Despite having 20x more parameters than our CNN (model_1), model_2 performs terribly... Let's try to improve it

In [None]:
#update the model above

#set random seed
tf.random.set_seed(42)

#create the model
model_3=tf.keras.Sequential([
    tf.keras.layers.Flatten(input_shape=(224,224,3)),
    tf.keras.layers.Dense(100, activation = "relu"),
    tf.keras.layers.Dense(100, activation = "relu"),
    tf.keras.layers.Dense(100, activation = "relu"),
    tf.keras.layers.Dense(1, activation = "sigmoid")
])


#compile the model
model_3.compile(loss = tf.keras.losses.BinaryCrossentropy(),
                optimizer = tf.keras.optimizers.legacy.Adam(),
                metrics=["accuracy"])


#fit the model
model_3.fit(train_data,
            epochs = 5,
            steps_per_epoch = len(train_data),
            validation_data = test_data,
            validation_steps = len(test_data))

In [None]:
#get a summary of model_3

model_3.summary()

**note:** you can think of trainable parameters as **patterns a model can learn from data**. Intuitively, you might think more is better. And in lots of cases, it is. But in this case, the difference here is the 2 different styles of model we're using. Where a series of dense layers has a number of different learnable parameters connected to each other and hence a higher number of possible learnable patterns, **a convolutional seeks to sort our and learn the most important patterns in an image** so even through these are less learnable parameters in our convolutional neural network, these are often more helpful in deciphering between **features** in an image.

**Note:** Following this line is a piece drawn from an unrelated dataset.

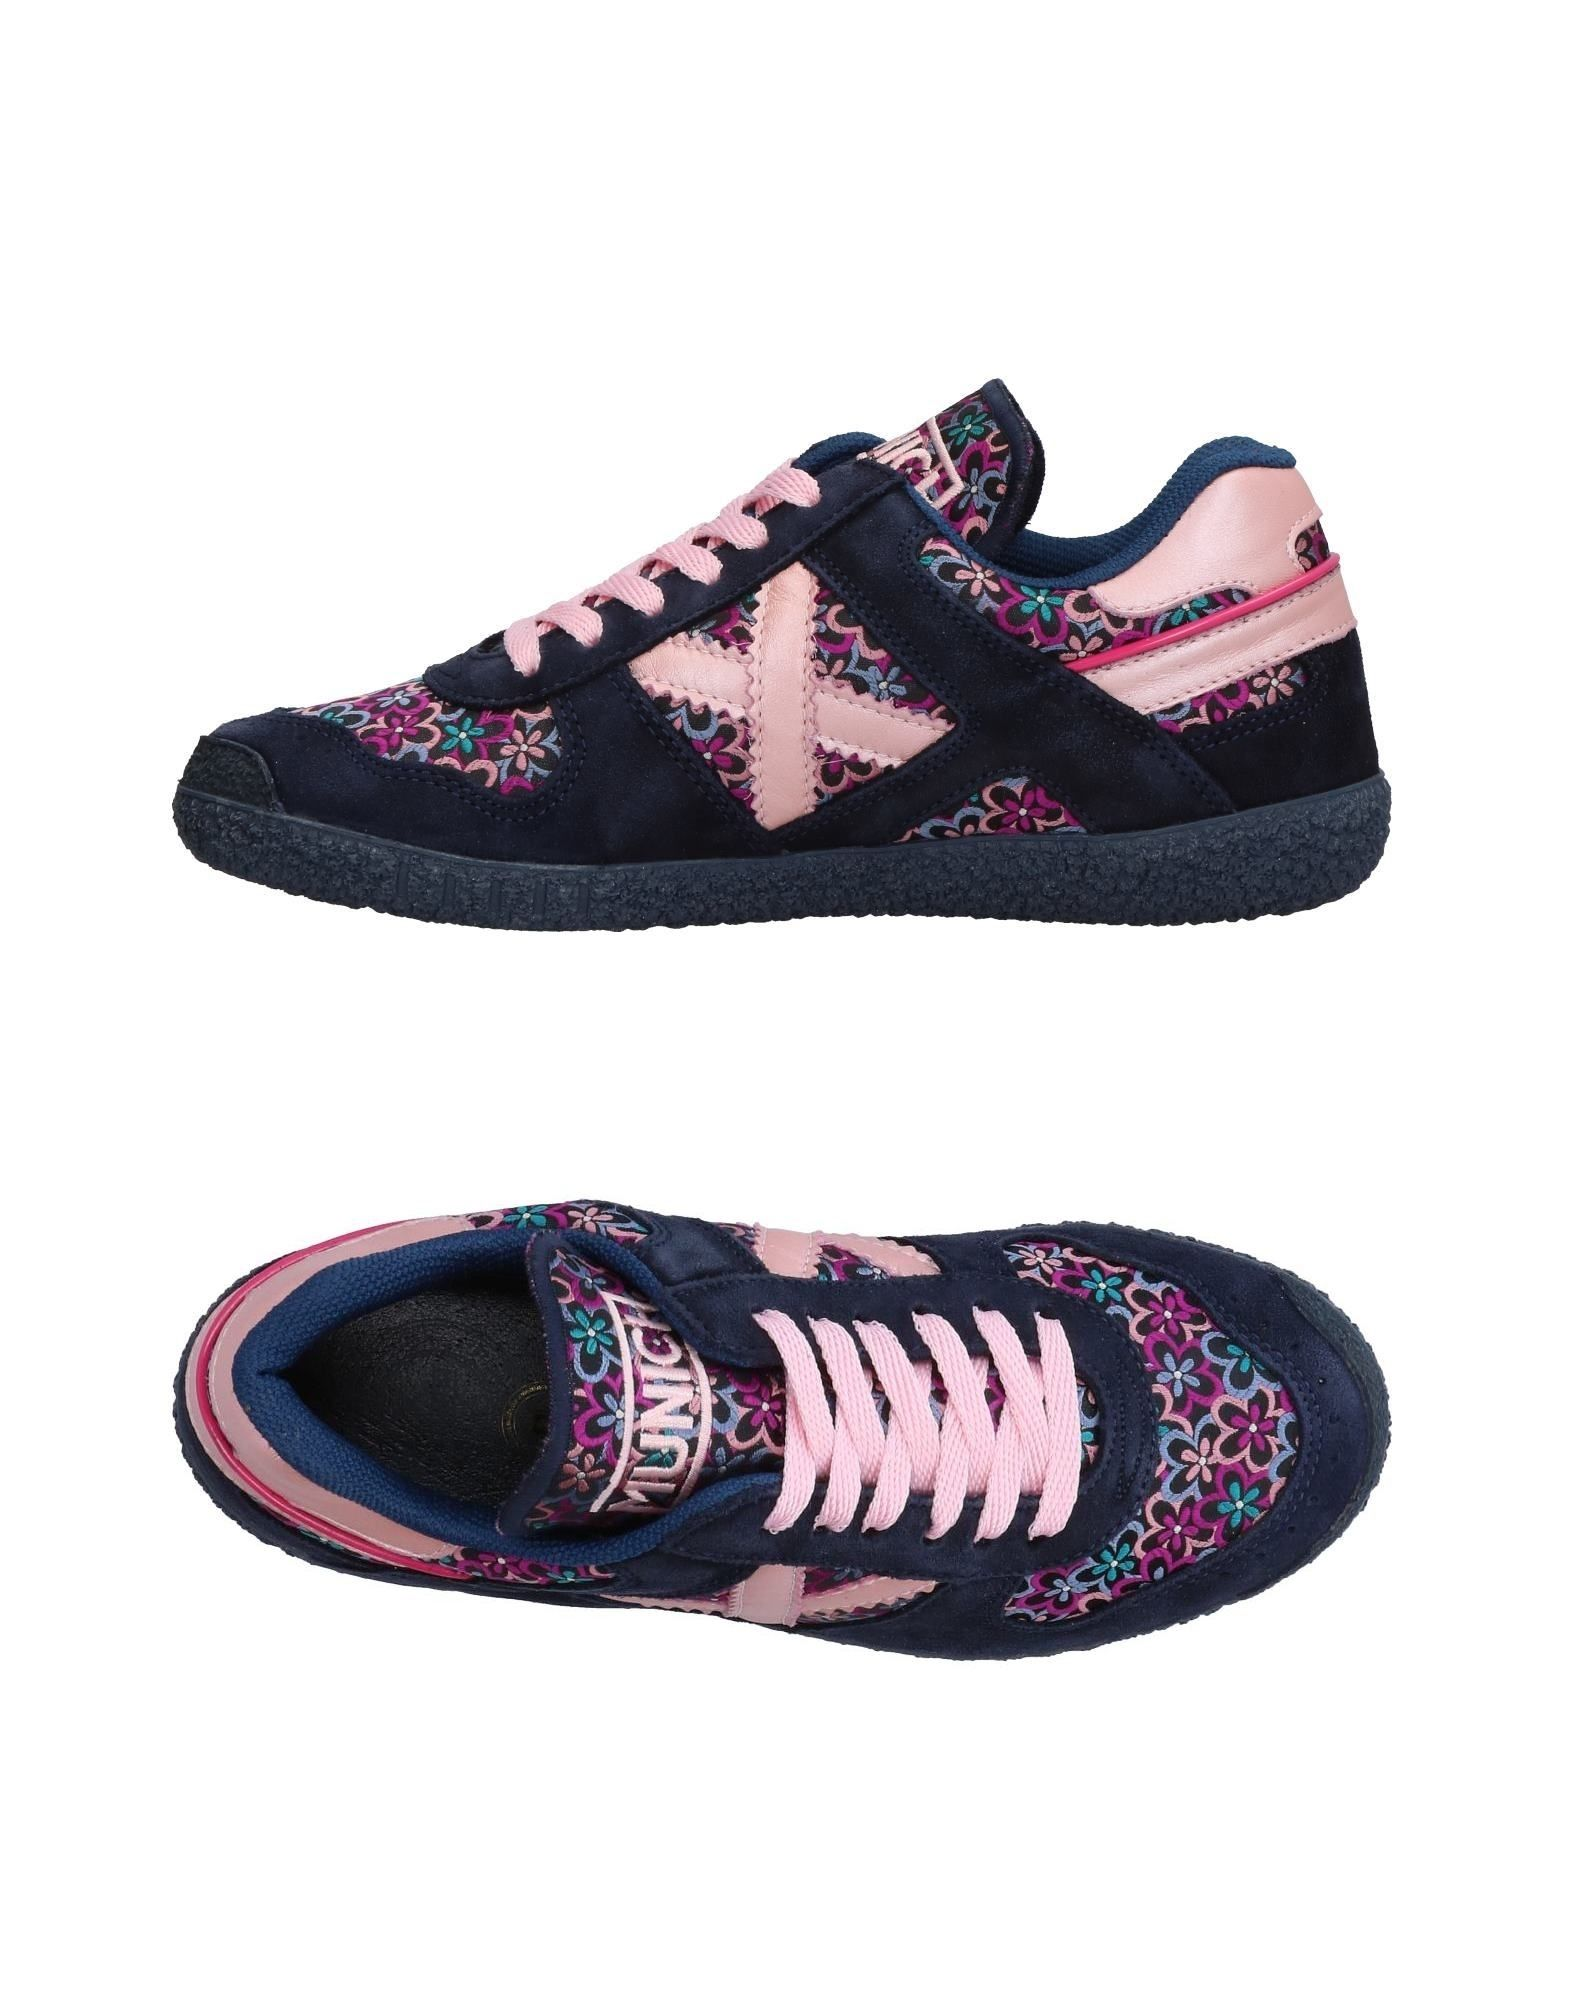 Sneakers Munich Donna - 11324637QU Scarpe comode e e comode distintive e50998

## Binary classification: let's break it down

1. become 1 with the data (visualize, visualize, visualize)
2. preprocess the data (prepared it for our model, the main step here was scaling/ normalizing and turing our data into batches)
3. Create a model (start with a baseline)
4. Fit the model
5. Evaluate the model
6. Adjust different parameters and improve the model (try to beat our baseline)
7. Repear until satisfied (experiment, experiment, experiment)


### 1. become one with the data

In [None]:
#visualize the data
plt.figure()
plt.subplot(1,2,1)
steak_img = view_random_image("pizza_steak/train", "steak")
plt.subplot(1,2,2)
pizza_img = view_random_image("pizza_steak/train", "pizza")

### 2. preprocess the data (prepare it for the model)

In [None]:
#Define directory data paths
train_dir = "pizza_steak/train/"
test_dir = "pizza_steak/test/"



Next step is to turn our data into **batches**.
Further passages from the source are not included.